Below are entries; copy exactly the lines from the one with "Screenshots of an" through the one with "The Impact of", both included, and leave out the rest.

Recorded data:
------------------------------------
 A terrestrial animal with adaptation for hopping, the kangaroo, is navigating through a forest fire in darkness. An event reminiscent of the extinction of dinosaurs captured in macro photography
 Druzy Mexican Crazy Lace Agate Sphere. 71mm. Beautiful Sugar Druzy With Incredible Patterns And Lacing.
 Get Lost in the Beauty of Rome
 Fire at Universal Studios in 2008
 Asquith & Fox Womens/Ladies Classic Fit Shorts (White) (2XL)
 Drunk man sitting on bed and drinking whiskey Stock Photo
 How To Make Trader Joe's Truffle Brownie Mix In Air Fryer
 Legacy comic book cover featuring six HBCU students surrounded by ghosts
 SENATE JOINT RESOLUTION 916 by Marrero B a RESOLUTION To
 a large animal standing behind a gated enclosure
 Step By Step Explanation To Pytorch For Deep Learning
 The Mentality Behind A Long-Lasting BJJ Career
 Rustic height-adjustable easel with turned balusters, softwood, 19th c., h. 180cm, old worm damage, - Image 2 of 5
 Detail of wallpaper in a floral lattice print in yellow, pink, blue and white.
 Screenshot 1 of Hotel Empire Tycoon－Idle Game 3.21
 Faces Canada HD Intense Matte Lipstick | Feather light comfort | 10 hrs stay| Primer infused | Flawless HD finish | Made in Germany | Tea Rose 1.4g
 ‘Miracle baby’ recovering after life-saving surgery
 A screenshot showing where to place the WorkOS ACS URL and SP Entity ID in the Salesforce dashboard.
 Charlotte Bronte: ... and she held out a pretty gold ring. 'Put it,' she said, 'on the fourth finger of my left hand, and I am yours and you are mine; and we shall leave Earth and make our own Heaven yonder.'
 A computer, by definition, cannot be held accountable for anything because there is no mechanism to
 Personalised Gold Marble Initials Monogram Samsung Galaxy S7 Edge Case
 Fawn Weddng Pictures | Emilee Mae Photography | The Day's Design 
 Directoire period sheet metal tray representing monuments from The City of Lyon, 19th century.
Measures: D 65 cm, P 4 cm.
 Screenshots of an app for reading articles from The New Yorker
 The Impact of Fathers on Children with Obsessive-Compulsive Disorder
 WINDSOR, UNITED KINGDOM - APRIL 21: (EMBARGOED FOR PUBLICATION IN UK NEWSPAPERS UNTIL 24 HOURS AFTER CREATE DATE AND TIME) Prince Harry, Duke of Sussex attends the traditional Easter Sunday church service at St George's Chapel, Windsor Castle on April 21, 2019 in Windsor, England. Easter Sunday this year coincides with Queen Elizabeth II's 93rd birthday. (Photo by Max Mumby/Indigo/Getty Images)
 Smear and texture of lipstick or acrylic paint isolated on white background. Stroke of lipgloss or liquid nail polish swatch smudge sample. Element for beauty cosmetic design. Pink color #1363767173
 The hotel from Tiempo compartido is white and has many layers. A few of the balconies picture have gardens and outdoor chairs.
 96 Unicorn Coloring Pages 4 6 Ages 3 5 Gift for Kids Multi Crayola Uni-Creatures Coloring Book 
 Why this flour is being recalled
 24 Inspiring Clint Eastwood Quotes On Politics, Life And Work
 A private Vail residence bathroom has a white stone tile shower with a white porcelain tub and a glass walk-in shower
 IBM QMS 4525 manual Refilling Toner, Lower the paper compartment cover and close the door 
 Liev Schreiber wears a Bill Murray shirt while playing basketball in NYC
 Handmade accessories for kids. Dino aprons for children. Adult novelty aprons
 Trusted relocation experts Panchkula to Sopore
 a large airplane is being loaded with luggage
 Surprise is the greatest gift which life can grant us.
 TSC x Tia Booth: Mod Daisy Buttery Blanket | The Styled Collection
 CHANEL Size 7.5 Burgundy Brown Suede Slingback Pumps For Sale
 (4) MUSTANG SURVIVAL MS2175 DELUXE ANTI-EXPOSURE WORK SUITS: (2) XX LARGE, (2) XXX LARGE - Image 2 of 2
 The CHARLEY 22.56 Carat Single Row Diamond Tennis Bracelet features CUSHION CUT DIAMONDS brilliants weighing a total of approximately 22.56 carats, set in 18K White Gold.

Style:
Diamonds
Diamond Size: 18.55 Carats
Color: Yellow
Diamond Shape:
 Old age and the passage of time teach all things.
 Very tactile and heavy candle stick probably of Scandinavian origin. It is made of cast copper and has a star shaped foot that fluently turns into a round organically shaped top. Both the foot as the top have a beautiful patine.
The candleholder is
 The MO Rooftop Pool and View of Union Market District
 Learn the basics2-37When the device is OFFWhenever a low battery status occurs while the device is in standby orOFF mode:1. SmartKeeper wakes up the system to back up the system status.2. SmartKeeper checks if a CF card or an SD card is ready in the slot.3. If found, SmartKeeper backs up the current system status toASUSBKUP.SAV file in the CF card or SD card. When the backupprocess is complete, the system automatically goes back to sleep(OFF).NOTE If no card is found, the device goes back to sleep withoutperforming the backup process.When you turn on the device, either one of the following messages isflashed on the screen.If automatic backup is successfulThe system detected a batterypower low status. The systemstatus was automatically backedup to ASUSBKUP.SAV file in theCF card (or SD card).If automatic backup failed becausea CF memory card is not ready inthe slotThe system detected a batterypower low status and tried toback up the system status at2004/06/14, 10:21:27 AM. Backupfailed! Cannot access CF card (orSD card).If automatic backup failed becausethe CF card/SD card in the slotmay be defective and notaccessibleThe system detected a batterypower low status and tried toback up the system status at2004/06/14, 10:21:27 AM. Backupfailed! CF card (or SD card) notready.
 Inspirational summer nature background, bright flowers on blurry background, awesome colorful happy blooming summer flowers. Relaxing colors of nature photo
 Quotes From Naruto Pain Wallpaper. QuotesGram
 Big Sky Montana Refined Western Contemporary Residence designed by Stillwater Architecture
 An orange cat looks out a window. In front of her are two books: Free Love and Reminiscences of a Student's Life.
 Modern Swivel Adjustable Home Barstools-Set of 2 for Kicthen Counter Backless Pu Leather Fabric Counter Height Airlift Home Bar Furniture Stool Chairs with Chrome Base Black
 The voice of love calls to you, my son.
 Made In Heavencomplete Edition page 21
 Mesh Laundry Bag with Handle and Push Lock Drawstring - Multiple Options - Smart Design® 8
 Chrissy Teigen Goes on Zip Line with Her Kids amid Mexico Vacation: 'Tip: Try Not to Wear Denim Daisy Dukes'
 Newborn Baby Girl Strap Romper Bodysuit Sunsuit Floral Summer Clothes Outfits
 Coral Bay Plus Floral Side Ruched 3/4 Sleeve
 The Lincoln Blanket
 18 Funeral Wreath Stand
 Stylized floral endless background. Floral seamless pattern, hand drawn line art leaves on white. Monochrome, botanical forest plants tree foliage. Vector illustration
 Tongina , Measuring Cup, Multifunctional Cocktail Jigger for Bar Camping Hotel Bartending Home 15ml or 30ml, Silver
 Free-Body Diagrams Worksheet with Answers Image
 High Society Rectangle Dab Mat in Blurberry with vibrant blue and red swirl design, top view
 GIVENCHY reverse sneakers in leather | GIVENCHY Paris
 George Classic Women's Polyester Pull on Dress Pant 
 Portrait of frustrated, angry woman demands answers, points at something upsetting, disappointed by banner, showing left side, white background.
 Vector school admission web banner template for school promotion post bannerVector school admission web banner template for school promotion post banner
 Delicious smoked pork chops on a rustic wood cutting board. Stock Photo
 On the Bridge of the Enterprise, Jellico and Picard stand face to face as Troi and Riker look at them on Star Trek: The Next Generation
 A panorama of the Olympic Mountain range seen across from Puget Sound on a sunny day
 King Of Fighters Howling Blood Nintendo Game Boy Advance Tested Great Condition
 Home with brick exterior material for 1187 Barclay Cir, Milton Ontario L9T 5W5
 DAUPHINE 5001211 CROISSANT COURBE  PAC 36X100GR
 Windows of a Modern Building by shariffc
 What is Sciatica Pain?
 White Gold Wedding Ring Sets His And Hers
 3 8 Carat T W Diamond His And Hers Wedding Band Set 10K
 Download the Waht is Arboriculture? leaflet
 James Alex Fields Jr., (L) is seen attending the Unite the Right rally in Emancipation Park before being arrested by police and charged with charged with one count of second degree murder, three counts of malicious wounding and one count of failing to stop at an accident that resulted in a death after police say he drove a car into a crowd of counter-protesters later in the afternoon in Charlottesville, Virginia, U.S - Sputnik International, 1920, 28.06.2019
------------------------------------
Finished task:
 Screenshots of an app for reading articles from The New Yorker
 The Impact of Fathers on Children with Obsessive-Compulsive Disorder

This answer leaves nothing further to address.